Looking for options to move my rabbits indoors (northern new hampshire very cold here in winter, even negative)

Hoping to figure out some tips or suggestions for keeping breeding and convenience/maintenance/cleaning. when it comes to being INDOORS.


----------



## Bearfootfarm (Jul 13, 2006)

I set my cages on a frame made of galvanized pipe and placed 
them over a deep bed of shavings and straw. 

That eliminates a lot of the clean-up. 

I lined the wall with plastic so it can be rinsed easily


----------



## arnie (Apr 26, 2012)

with beafoot farms setup urine guards will help keep them from spraying , check out bass equipment co'.s flush clean system in their catalog


----------



## DaisyDuke (Nov 21, 2017)

So despite not being 'allowed' to have any livestock as pets in my town house I am considering trying to raise rabbits in a spare room between now and when I have to move. Any suggestions for a set up that could later be converted to being outdoors?
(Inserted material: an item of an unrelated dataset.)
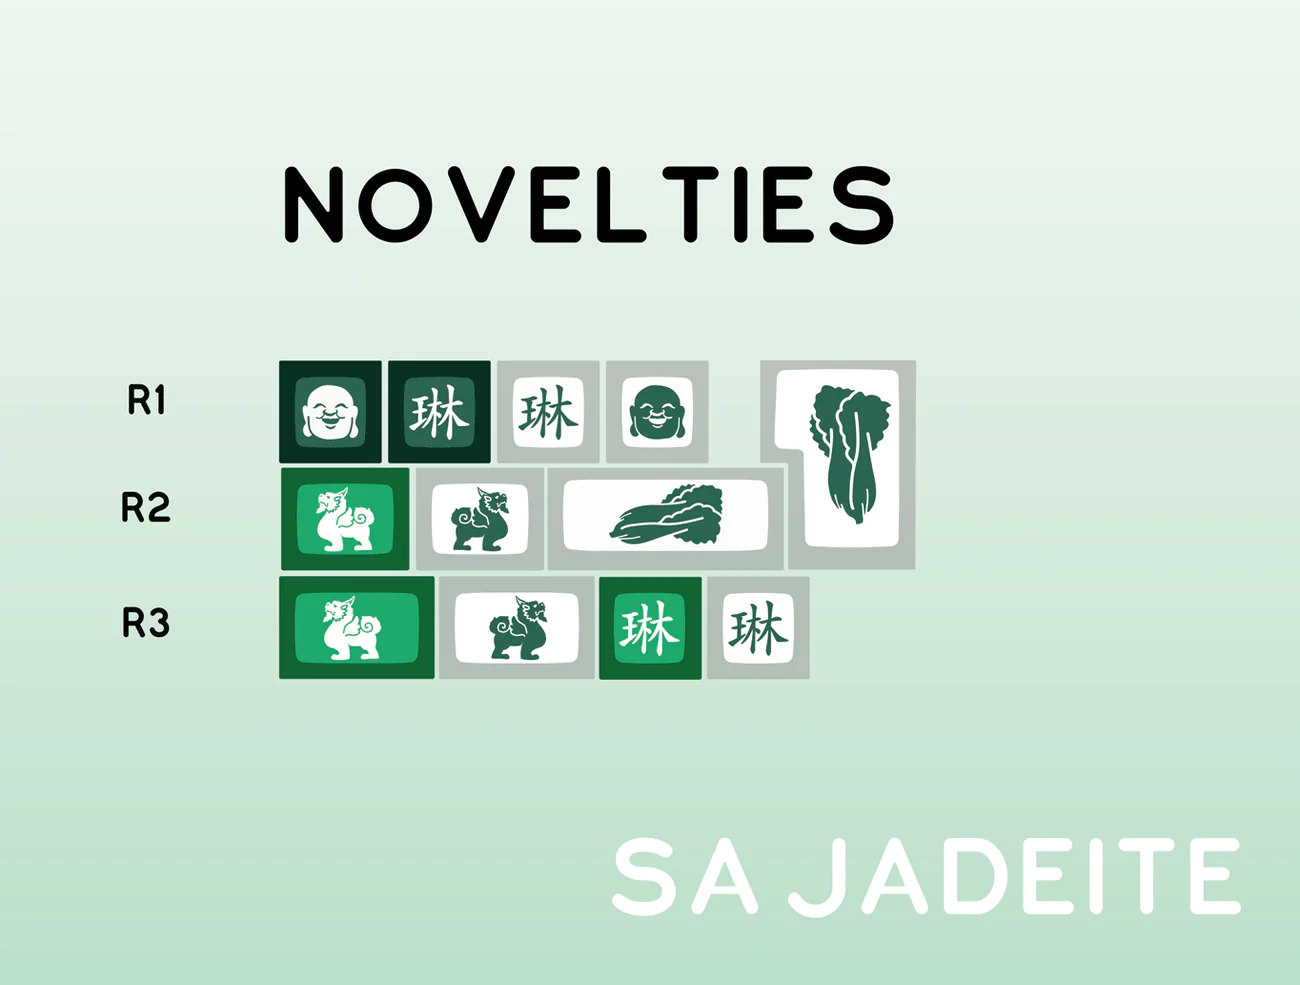 SA Jadeite - Novelties
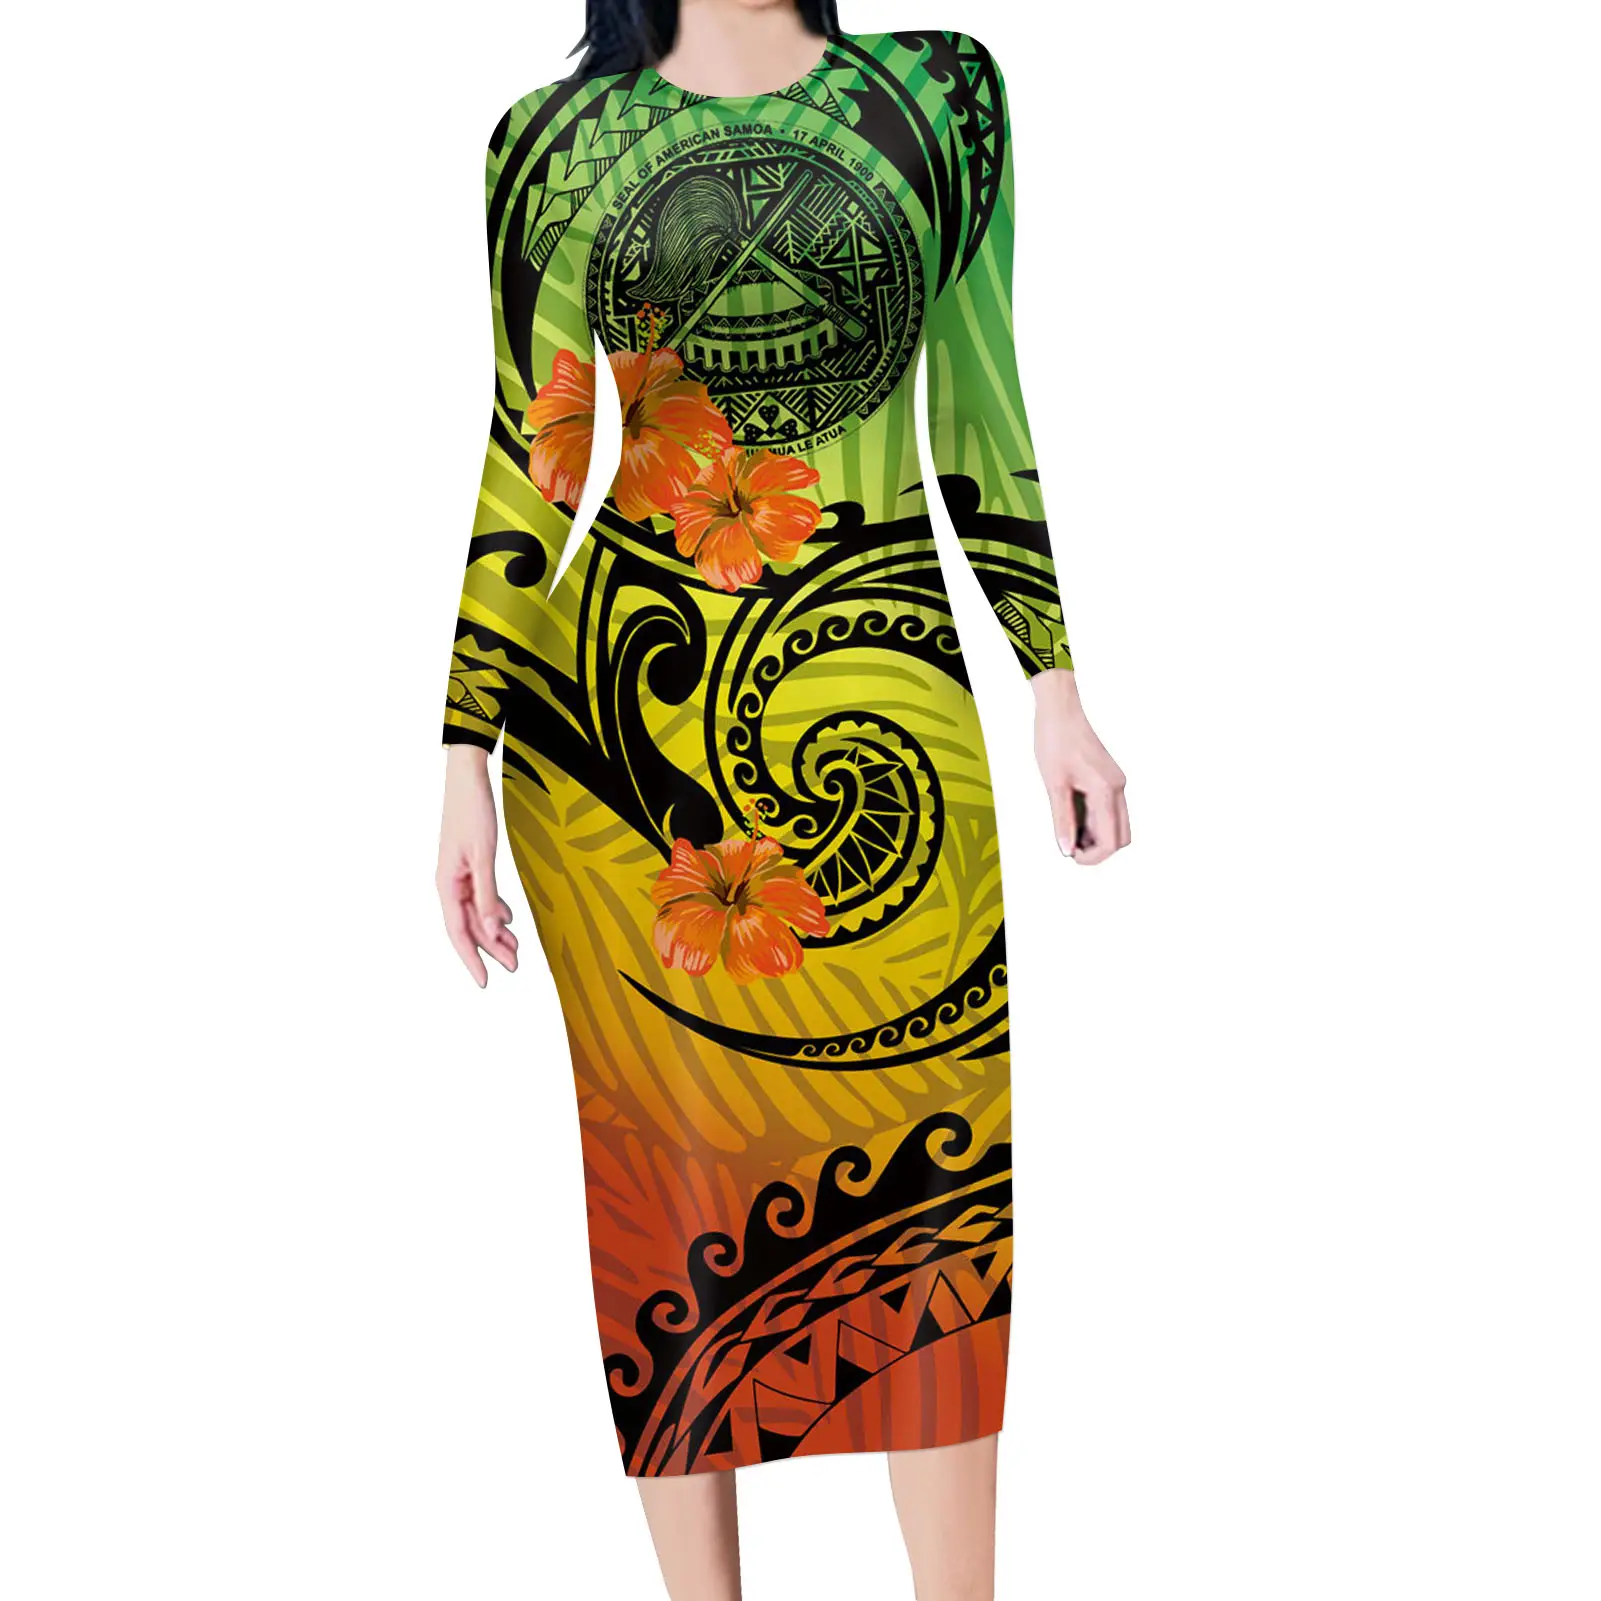 Frauen Arbeiten Kleider Formal Wear Samoan Hibiscus Plumeria Abendkleider Frauen Elegante Lange Hülse O Hals Neue Mode Frauen Kleid

I would like to get a few litters of kits under my belt and get some meat and pelts! My requirements that it be frugal and take minimal time for maintenance. I work too many hours too many days to save up for some land, I don't want to have raising rabbits indoors be a long t plan but just a gateway livestock lol.


----------



## arnie (Apr 26, 2012)

check out bass equipment or kuberances stacking cages. with dropping trays and urine gaurdes they are easy to lean and can house a trio of rabbits ;placed over a linoleum floor or plastic a little spill wound'nt cause damage . the wire cages could be easyly moved to a farm lasting many years . in a rental situation though perhaps you will be better off just reading some good books on and continue to save up for your place . as the dayly cleaning ,and stress and worry of the landlord visiting may cost more than you can gain


----------



## Fire-Man (Apr 30, 2005)

I rent homes----Mercy I would have a Field day if I found out one of my renters raised rabbits in one of my homes!! I do not think you could be clean enough to raise several cages of rabbits---to keep the smell down in a closed room??

To the original Poster Xanatosnemos, If you are talking about inside a shed etc, not inside your living room---several set-ups you can do. If I was just going to use drop pans I would use something absorbent where it could be scooped out---what ever is cheap--something like cat litter to soak up the urine. Hay does not absorb it---even wet hay with regular water gets a smell after while. I have used DRY sand--it helps a lot but can be on the heavy side. I did a indoor set-up that worked great but I used drain/tilt sheets to cause the urine to run into pvc pipe that ran outside to a make shift septic tank. I caught the poop on window screens right under the cages. There was 24 cages most 30x36, some 30x30 and some 24x24 for smaller rabbits, sometimes counting the babies--close 100 rabbits in there. It worked good but did require regular cleaning to keep the smell to close Zero.


----------



## ladytoysdream (Dec 13, 2008)

Xanatosnemos said:


> Looking for options to move my rabbits indoors (northern new hampshire very cold here in winter, even negative) Hoping to figure out some tips or suggestions for keeping breeding and convenience/maintenance/cleaning. when it comes to being INDOORS.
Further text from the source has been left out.